The Second World War was motivated by the attack on Pearl Harbor, and while many historians still challenge whether Franklin Roosevelt had advance knowledge of the attack, the record indicates Roosevelt deliberately sought war with Japan by supplying Japan with oil and steel, and then abruptly cutting it off in the summer of 1941, an act that Roosevelt himself in the media said would cause Japan to go to war. Roosevelt refused peace initiatives from the Konoe government, knowing that it would collapse and be handed over to the Japanese militarists, as it did in October 1941. Internal memos indicated that U.S. spies abroad knew that a sneak attack would happen at Pearl Harbor, on a Sunday morning, and also refused to stop the impending war from starting when they told the Australians they wanted the fighting to start.
The continuation of the Second World War, and refusing to give peace terms to Japan, was predicated on the war propaganda of the “Bataan Death March” which initial reports said had 5,000-7,500 casualties.
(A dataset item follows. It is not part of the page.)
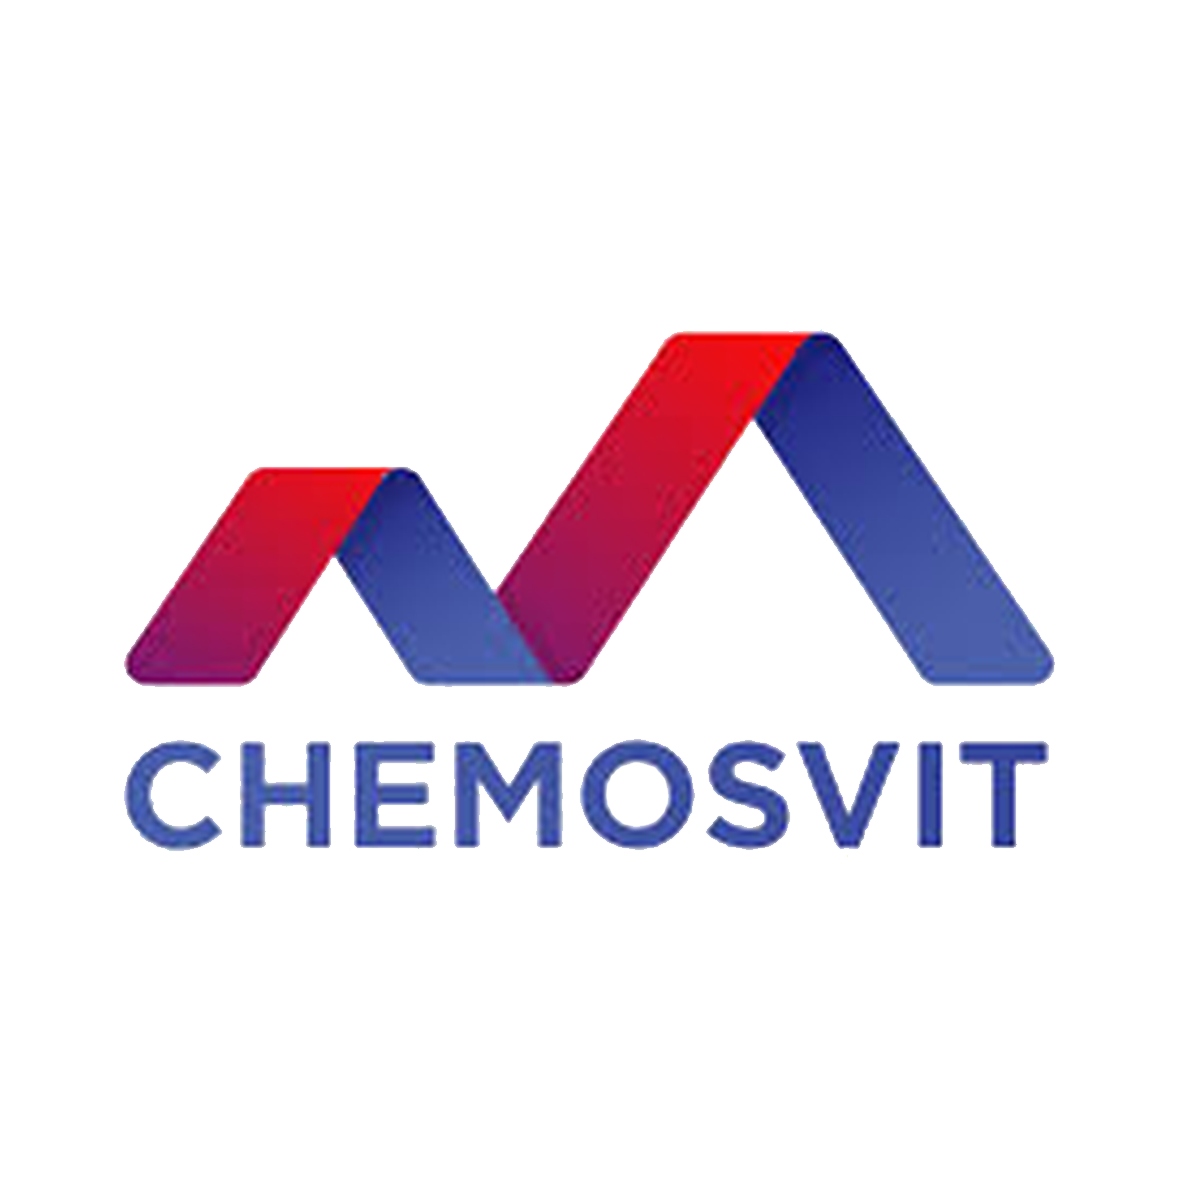 Chemosvit

Modern estimates have revised those numbers down to 500-650.
The Korean War started after North Korea was given the green light to invade by the Soviet Union, and the Soviets had been told by U.S. Secretary of State Dean Acheson in a speech on January 12, 1950 that the United States was unconcerned about the future of Korea, because it was conspicuously not mentioned as part of its “defensive perimeter” in the Pacific. The North Koreans invaded six months later, on June 25th.
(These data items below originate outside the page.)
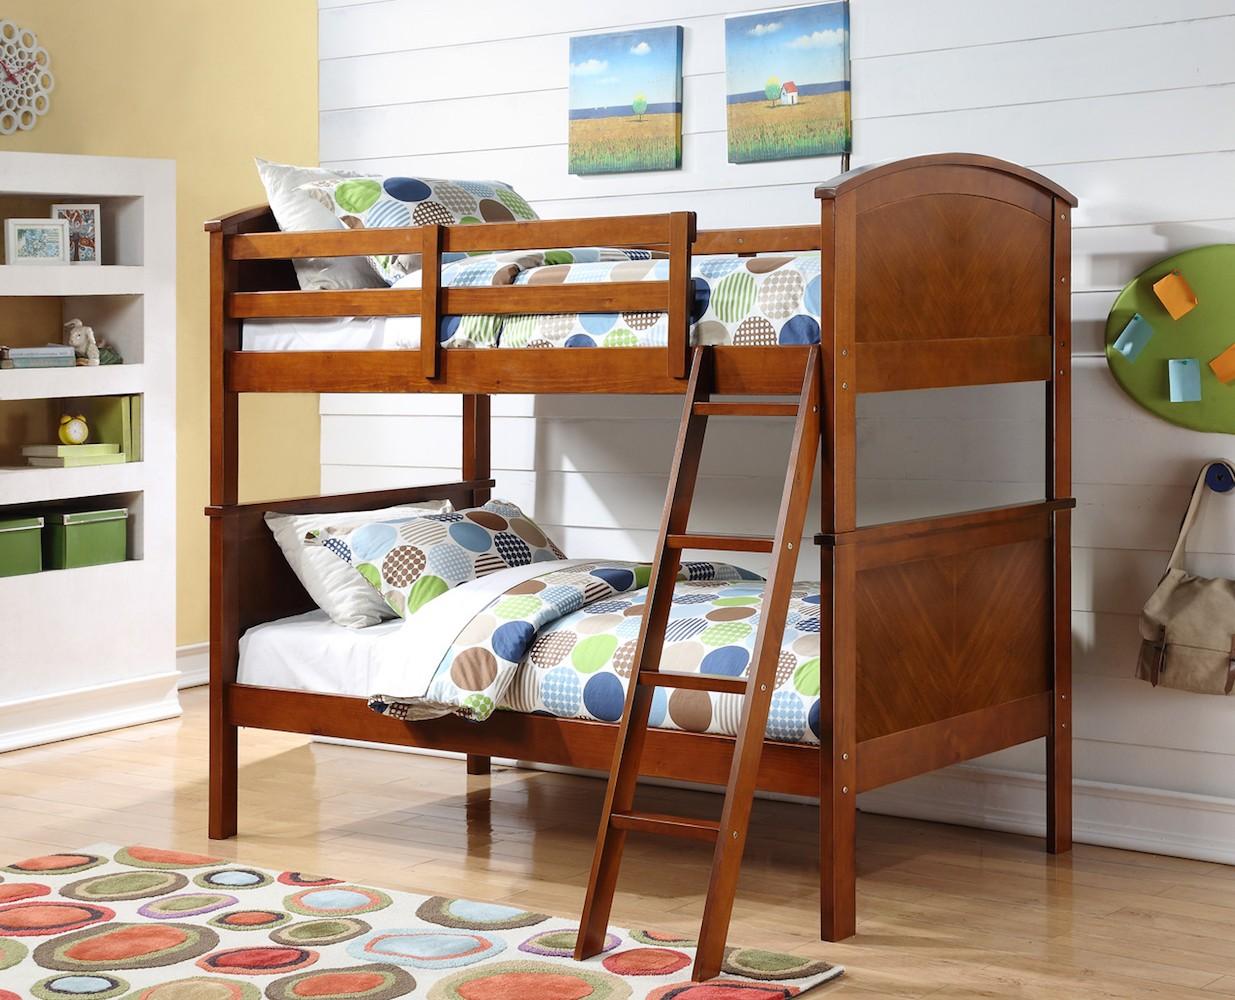 314-TTO Arch Panel Bunk Bed Oak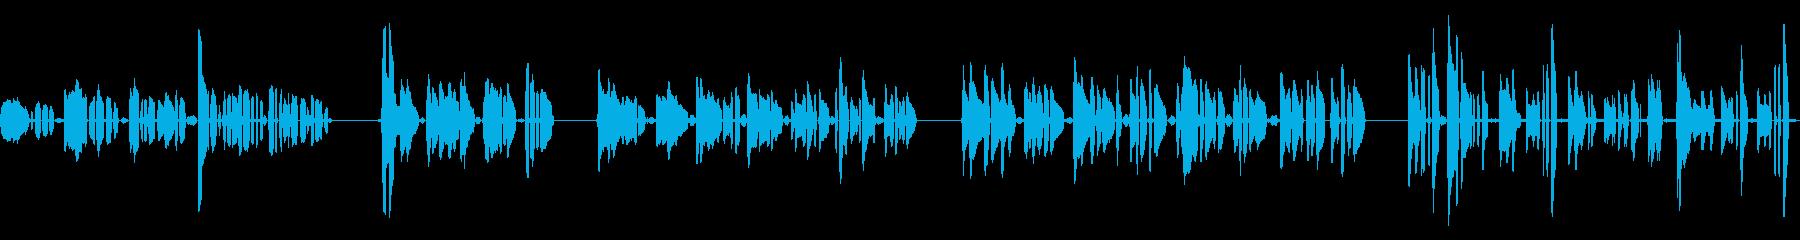 ハミングアチューン、ヒューマン、マ...の再生済みの波形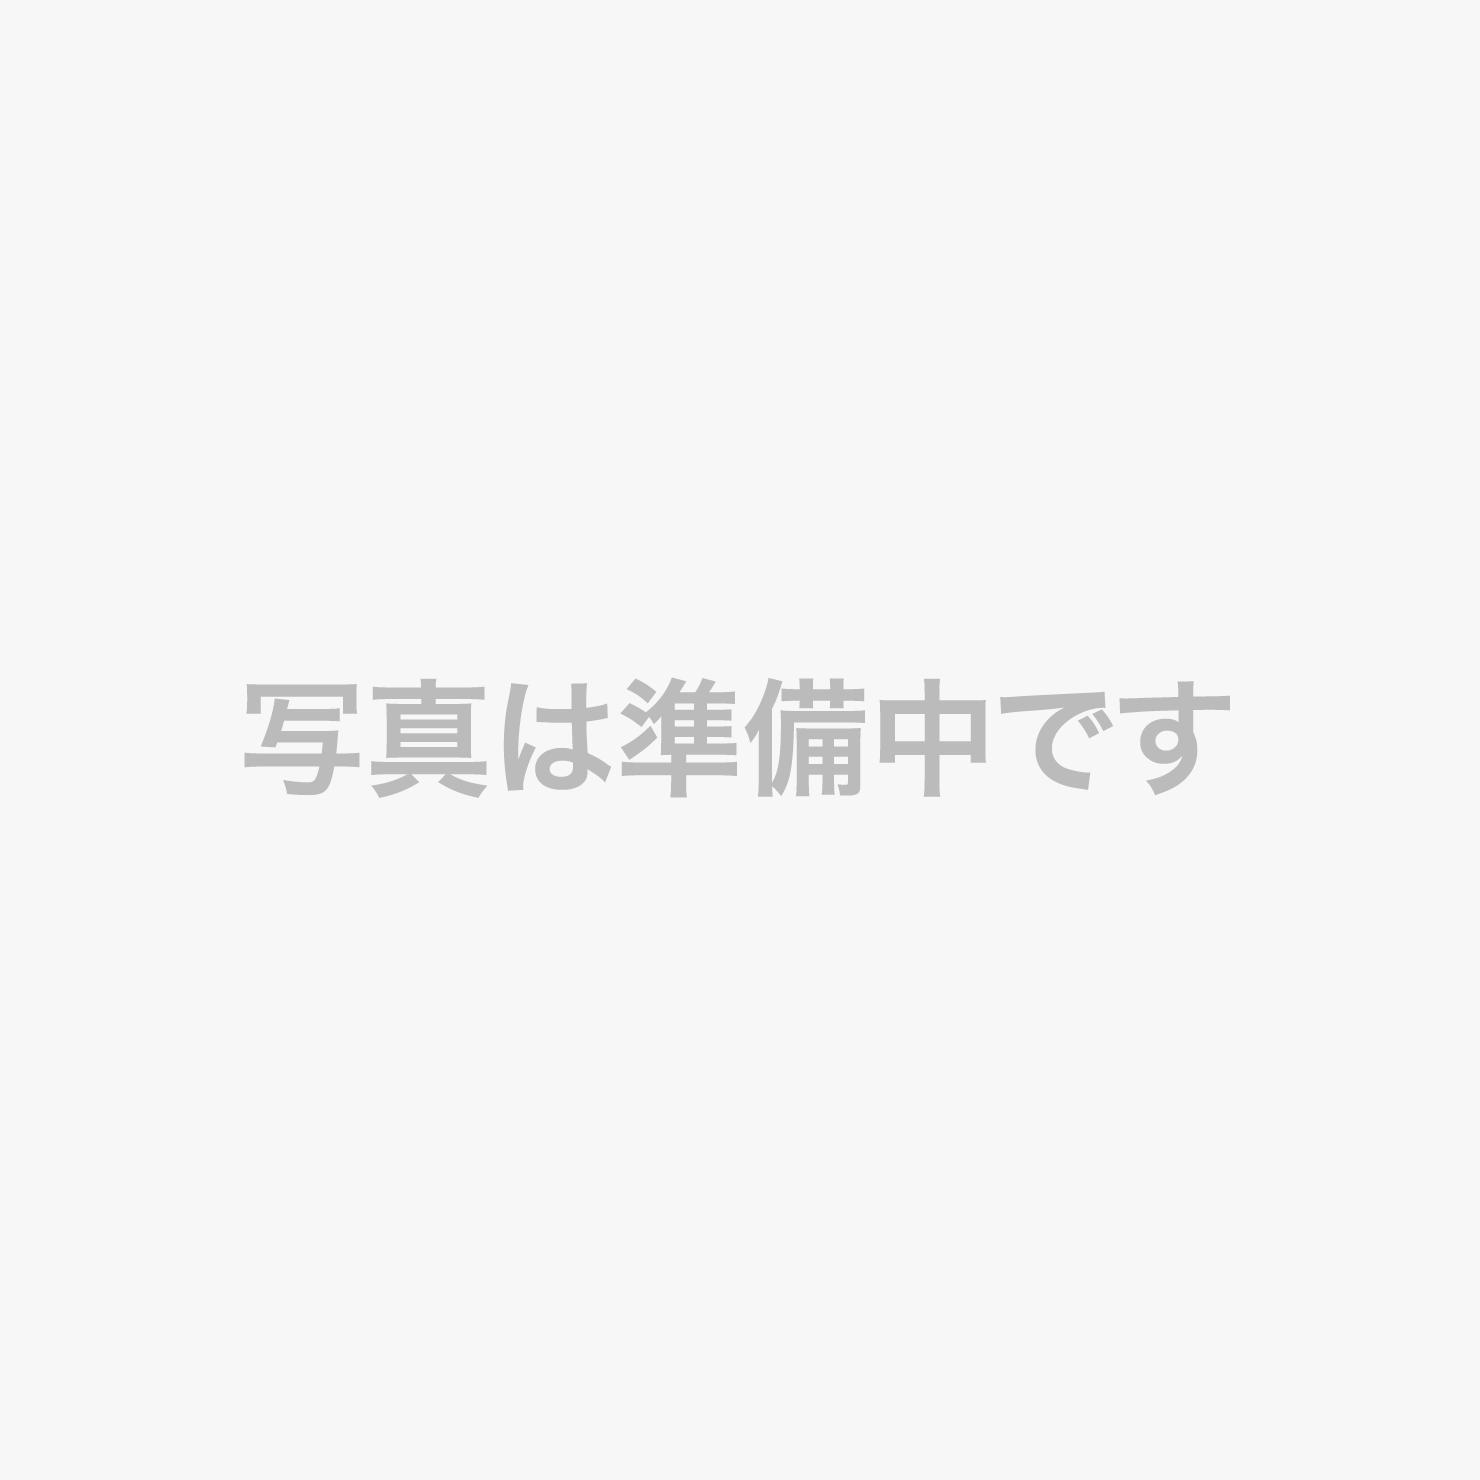 東大寺・若草山側客室

The Vietnam War was predicated on two attacks upon the U.S.S. Maddox in the Gulf of Tonkin in 1964, and while there was certainly a first attack, the second attack was possibly due to misinterpretations of radar signatures during bad weather. The second attack was used as justification for a wide-ranging authority for the then-President Lyndon Johnson to begin a full-scale war in Vietnam.
The U.S.S. Liberty incident in June 1967 was likely a ‘false flag’ event meant to draw American into the ongoing war between Israel and its Arab neighbors known as the “Six Days War.” In that incident 34 died and 161 sailors were wounded, a signals intelligence ship was sunk by Israeli warplanes, who then attempted to strafe survivors in their liferafts, and whose survivors have said the U.S. flag was repeatedly shot down and seen by the pilots. Israel later apologized and said it was an accidental friendly-fire incident.
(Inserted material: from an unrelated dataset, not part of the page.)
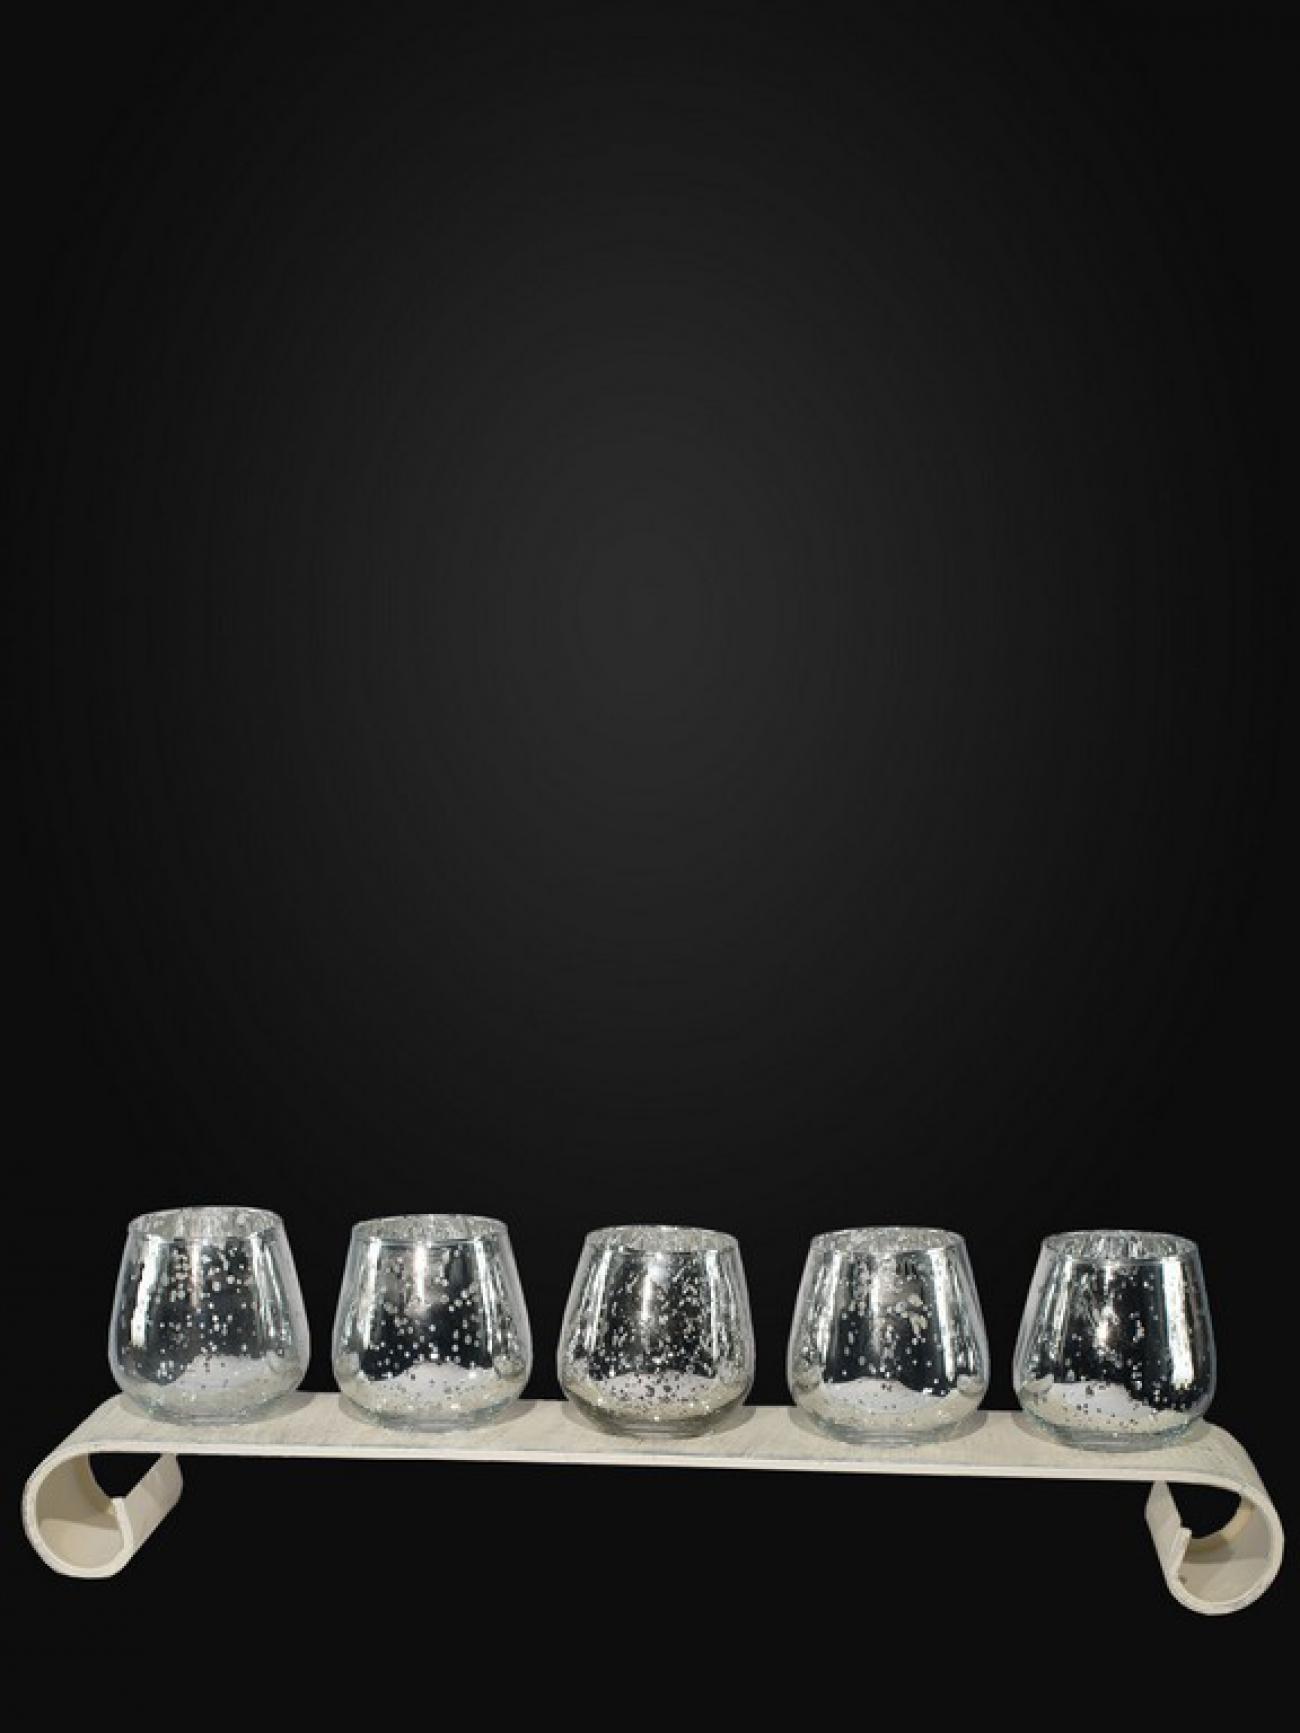 Подсвечники стекло с серебряной патиной

The Iraq War in 2003 was, in significant part, motivated by George Bush’s statements that Saddam Hussein had weapons of mass destruction and was close to developing more. These claims were later proven to be based on such obviously flawed intelligence that many whistleblowers, including former CIA agent John Kiriakou, have claimed the intelligence community suppressed all evidence indicating that such claims were false.
In August 2013 the Barack Obama administration claimed that the Syrian government had used chemical weapons on its own civilian population, claims that were highly disputed. Obama could not successfully persuade the Republican-led Congress that the intelligence was accurate. These same claims made about the then-Assad regime, that it used gas on its civilians, was denied by the U.S. military.
In March 2022, Russia claimed that the United States was developing biolabs in Ukraine, and working with Neo-Nazi militarists to harass the Russian population living in Ukraine. These claims were used to justify their invasion of Ukraine, and were denied by all of the western media outlets. Yet Victoria Nuland confirmed the existence of United States biolabs in Ukraine when she lamented to Congress that she was concerned Russia would seize control of the labs. The nazi-linked Azov batallion was similarly well-documented in dissident media, to the point where even CNN had to admit it was true while still trying to downplay its significance, disproving the mainstream narrative that there were no neo-Nazis involved.